To tackle this problem, enrichment values are pre-calculated using every other sample in the batch, and these enrichment values are correlated across samples.

The correlation values are then used to filter out highly correlated org-IP samples from being used in the significance test together.

In [1]:
import os
import sys
from pathlib import Path
import pandas as pd

script_path = Path.cwd().parent.parent.parent.parent.parent.parent.parent / "script"
data_path = Path.cwd().parent.parent.parent.parent.parent.parent.parent / "data"
sys.path.append(str(script_path))

### Load the imputed IP table
The correct datestamp is required to find the input files

In [2]:
#%store -r timestamp
timestamp = "2024-07-27"

print(f"Timestamp: {timestamp}")

outprefix = f"{timestamp}_QC_filter_impute"

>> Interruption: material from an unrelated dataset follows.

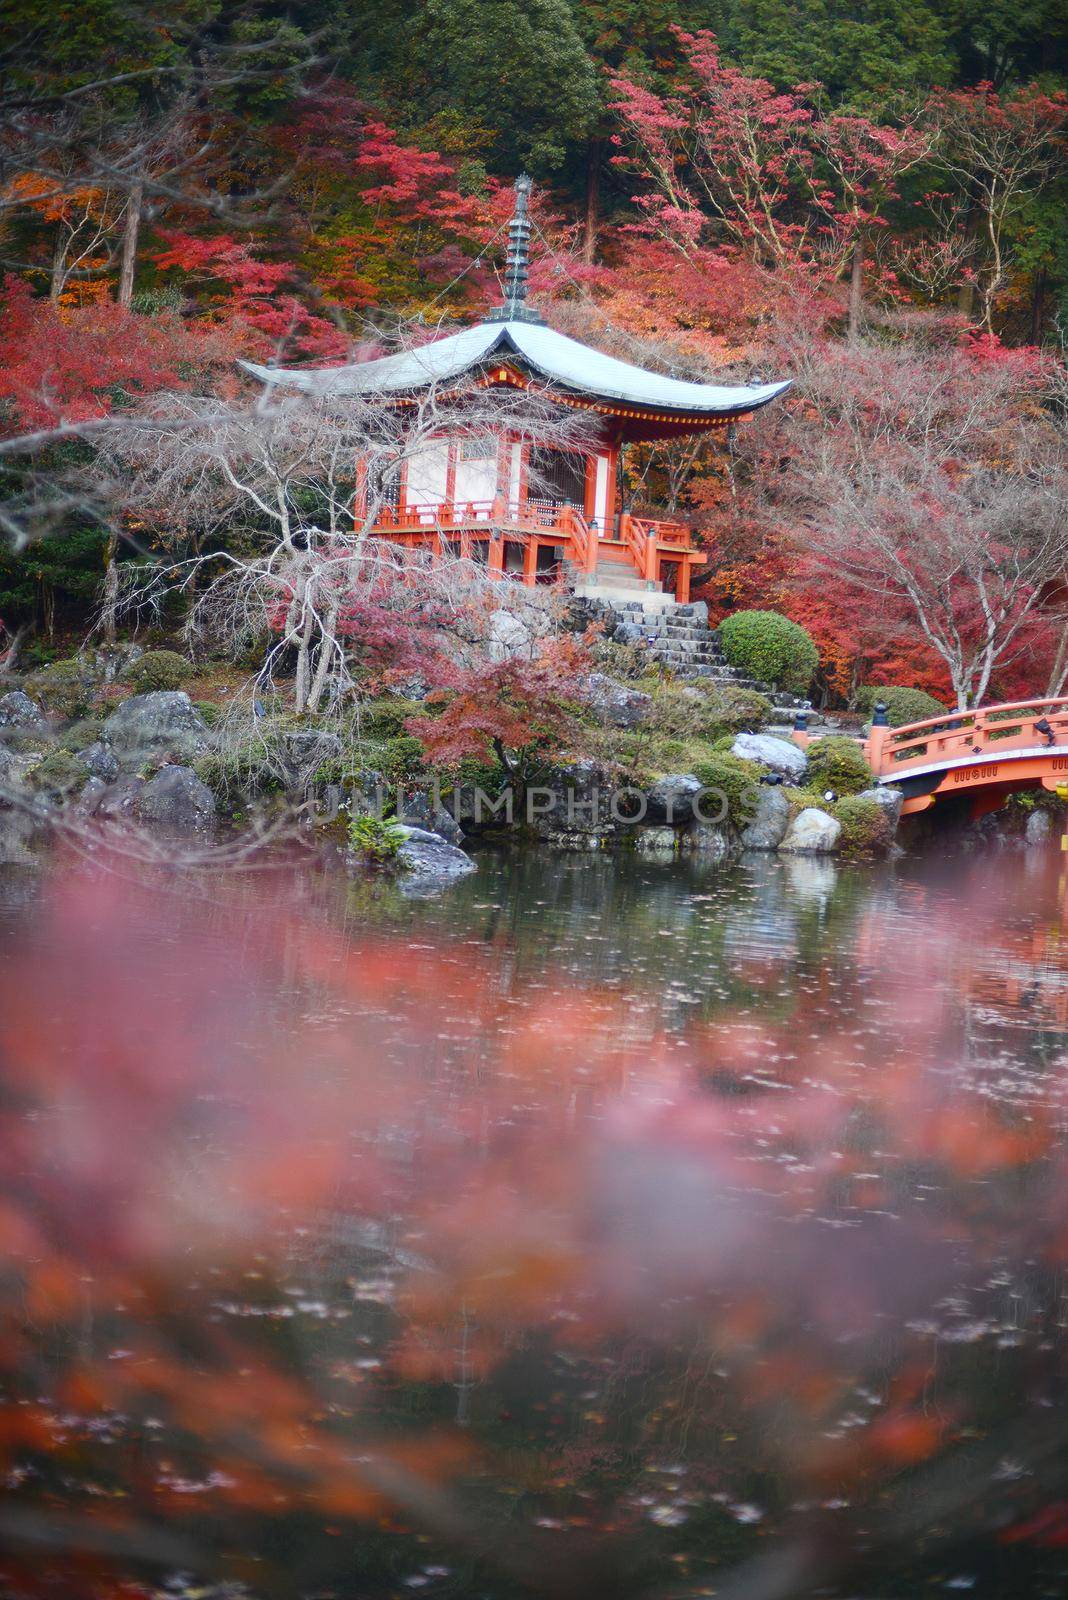 japanese building in Daigoji temple in kyoto with autumn scene

outdir = Path.cwd() / "output"
preprocessing_out = outdir / f"preprocessing"

Timestamp: 2024-07-27


In [3]:
#### Load bait imputed tables (IPs)
IP_path = preprocessing_out / f"{outprefix}_imputed_table.csv"

try:
    bait_imputed_table = pd.read_csv(IP_path, header=[0, 1], index_col = 0)
except FileNotFoundError:
    print(f"File {IP_path} not found.\nPlease run 1.QC_filter_and_impute.ipynb first or specify the correct timestamp, current value is {timestamp}")
except pd.errors.ParserError:
    print(f"There was an error parsing the CSV file at {IP_path}.")
except Exception as e:
    print(f"An unexpected error occurred: {e}")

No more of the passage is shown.